To do - Would you repeat word for word the lines of the listing that follows, from the one with "Paul vert femmes" up to and including the one with "Dicke Luft in", and leave out the images?

Given data -
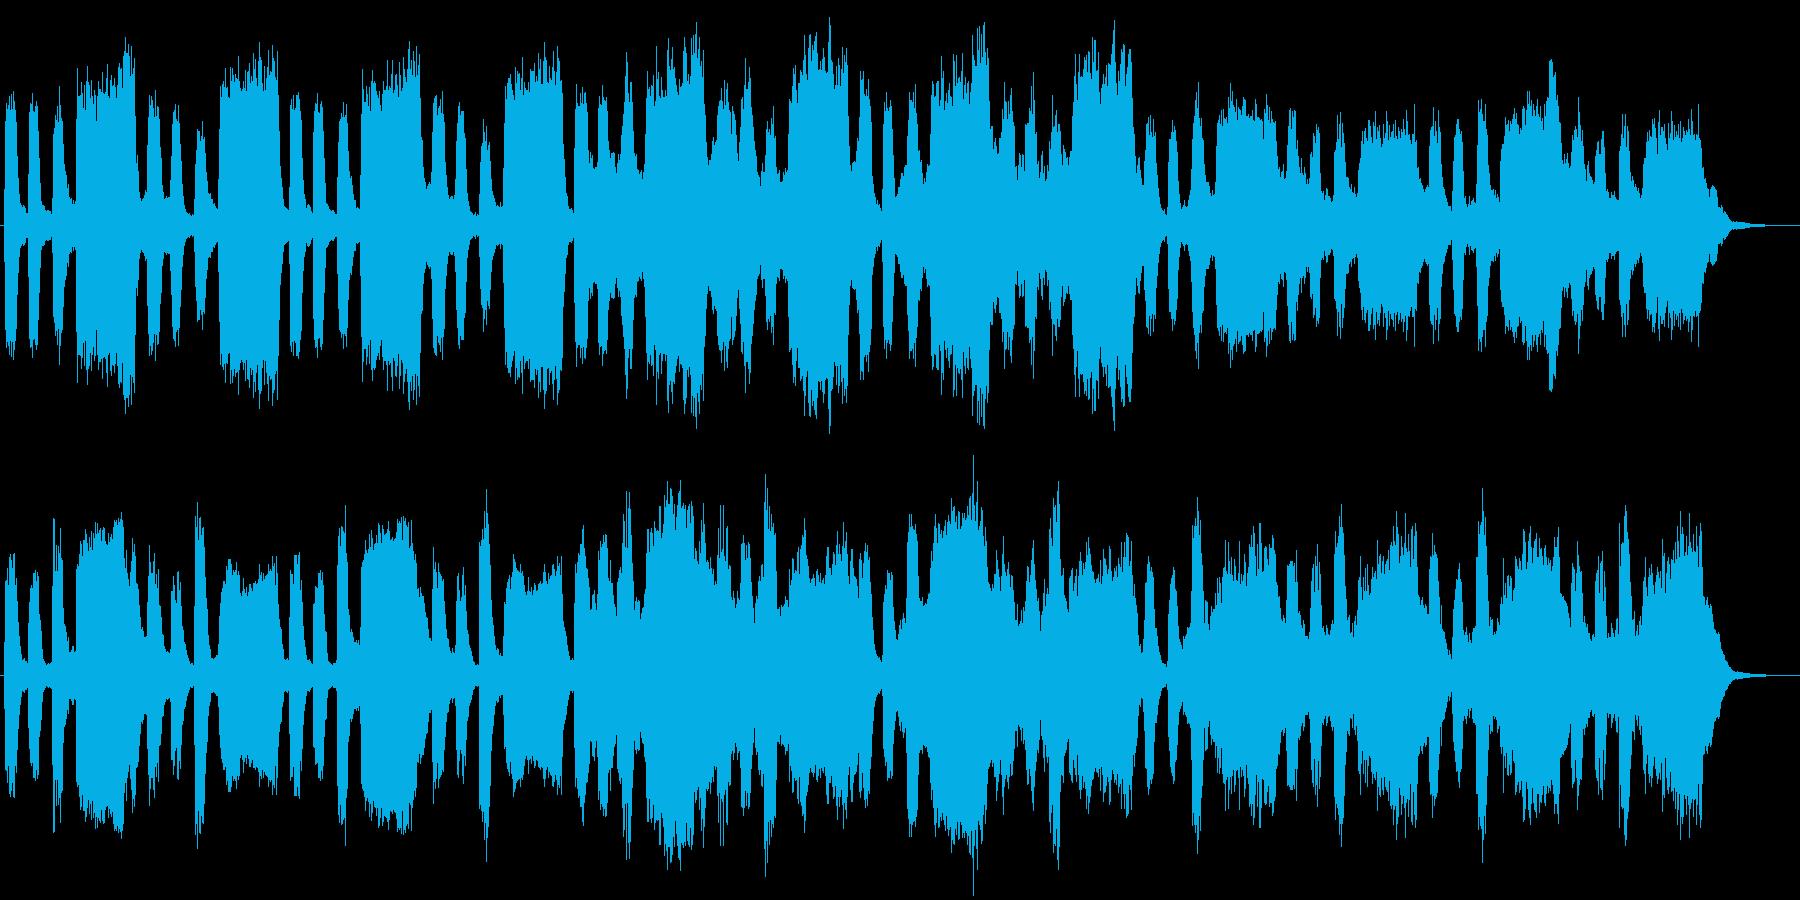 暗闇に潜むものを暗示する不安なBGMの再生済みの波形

* * *

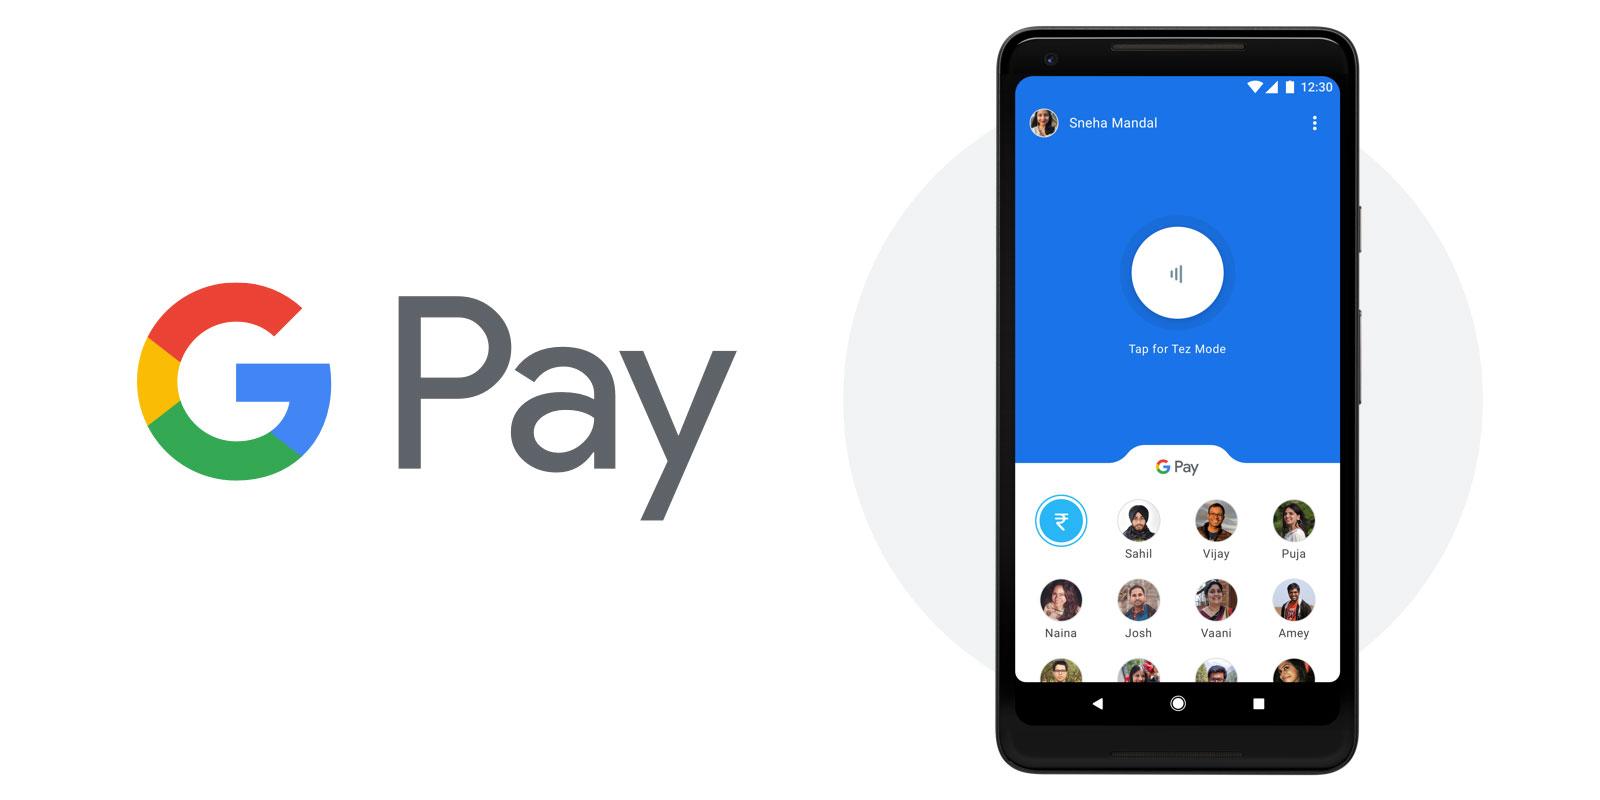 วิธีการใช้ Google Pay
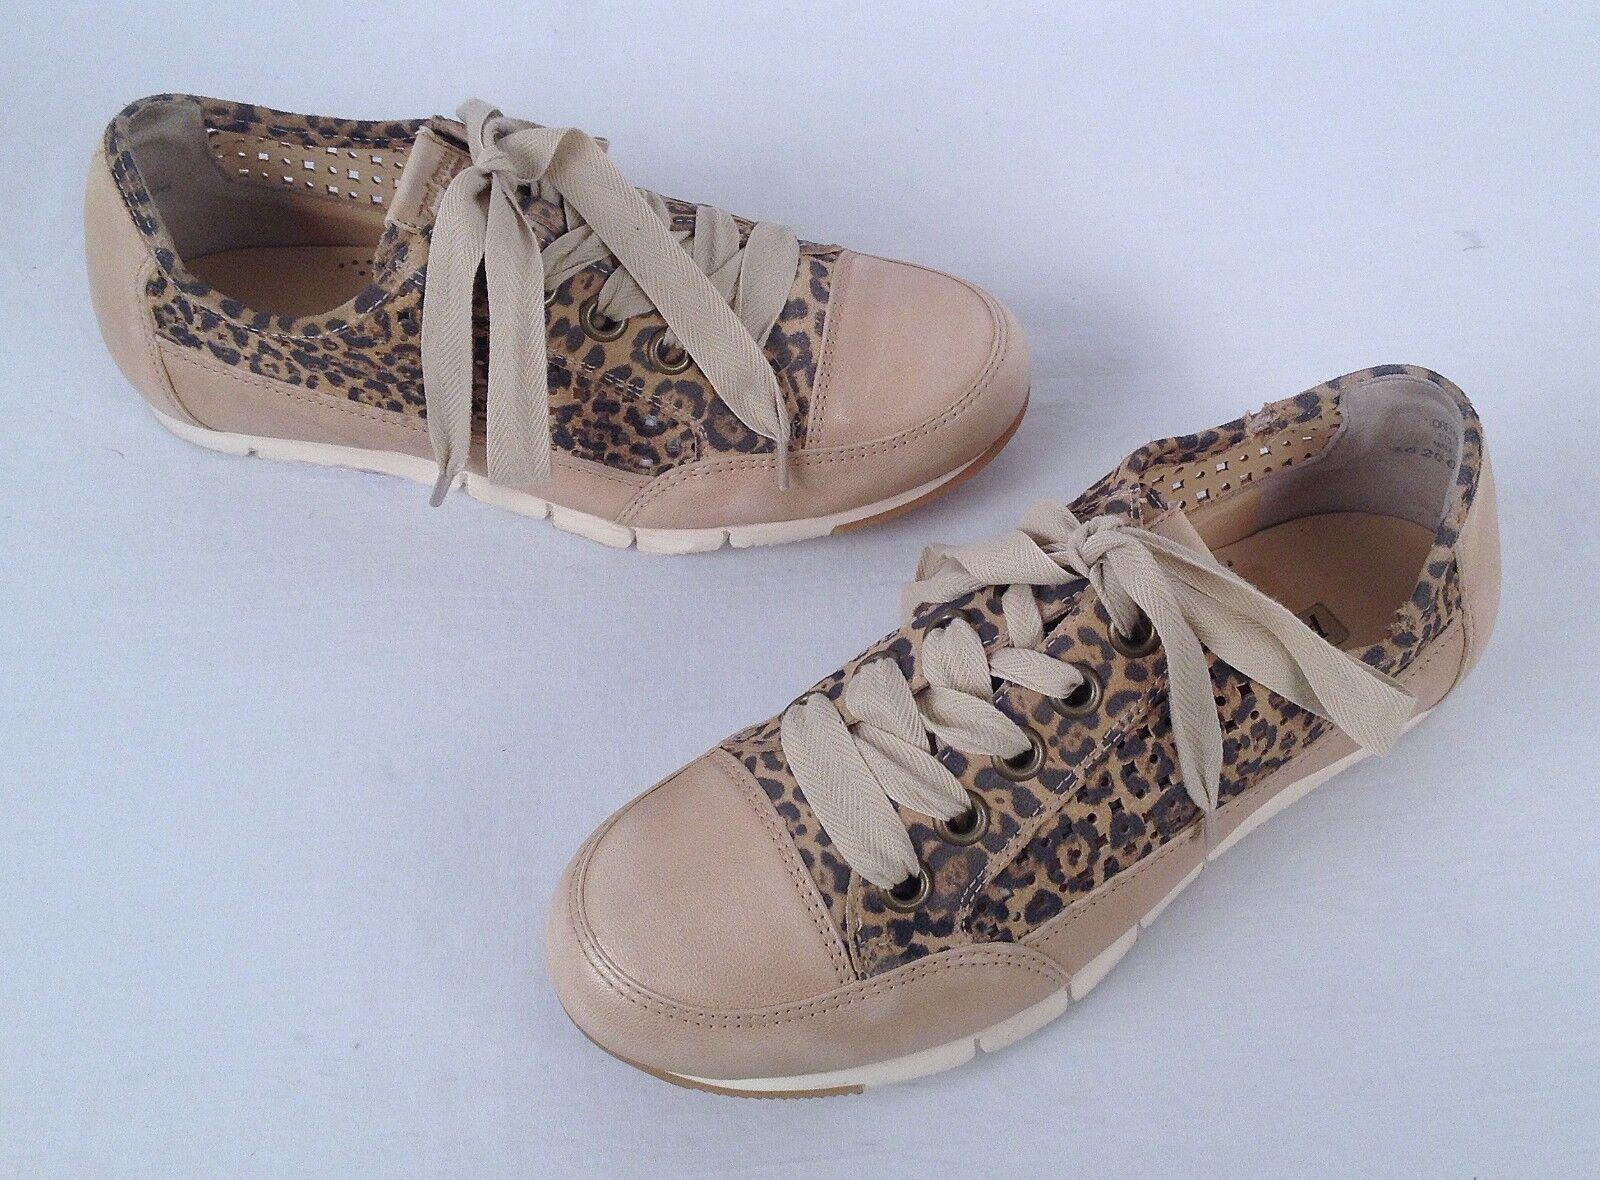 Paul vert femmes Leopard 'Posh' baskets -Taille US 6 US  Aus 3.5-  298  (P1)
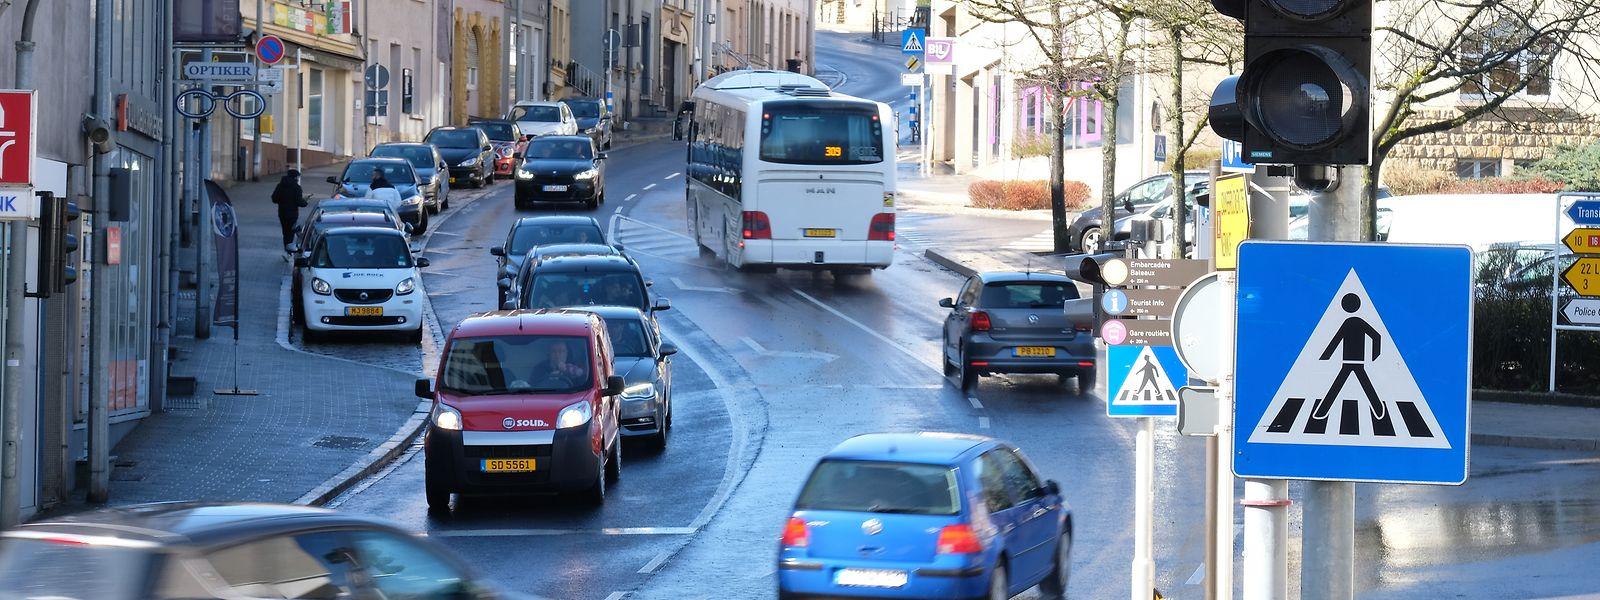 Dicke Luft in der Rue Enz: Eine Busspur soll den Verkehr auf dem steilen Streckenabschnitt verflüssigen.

---

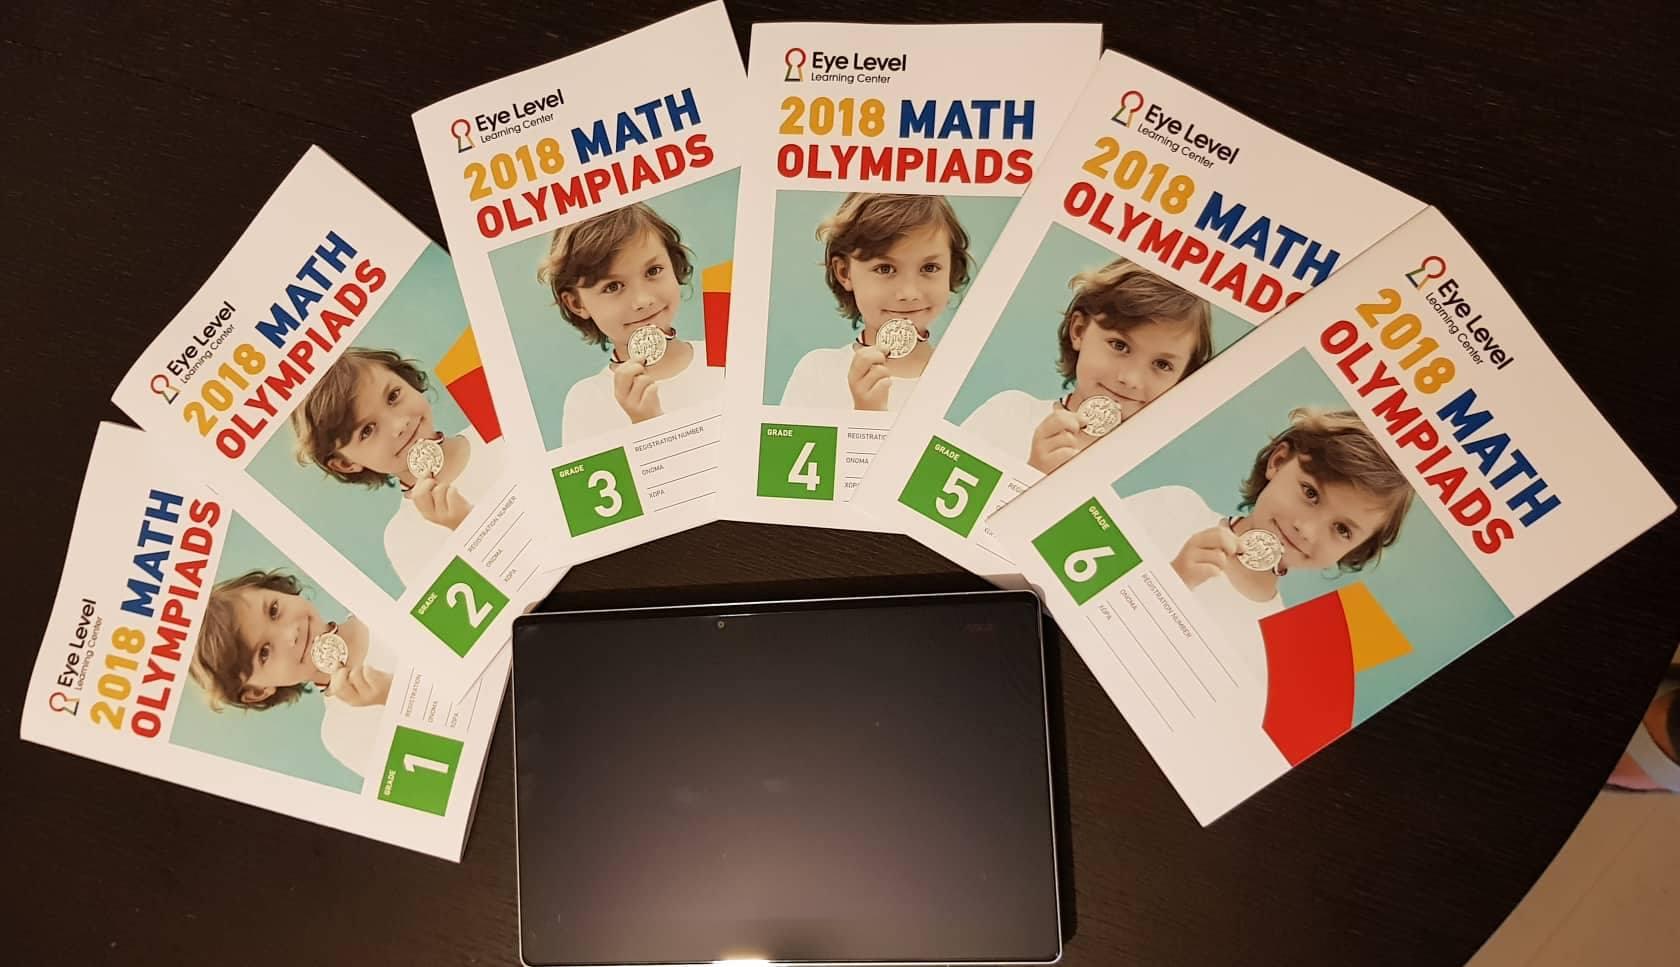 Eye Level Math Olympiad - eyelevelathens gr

Result for this exercise -
 Paul vert femmes Leopard 'Posh' baskets -Taille US 6 US  Aus 3.5-  298  (P1)
 Dicke Luft in der Rue Enz: Eine Busspur soll den Verkehr auf dem steilen Streckenabschnitt verflüssigen.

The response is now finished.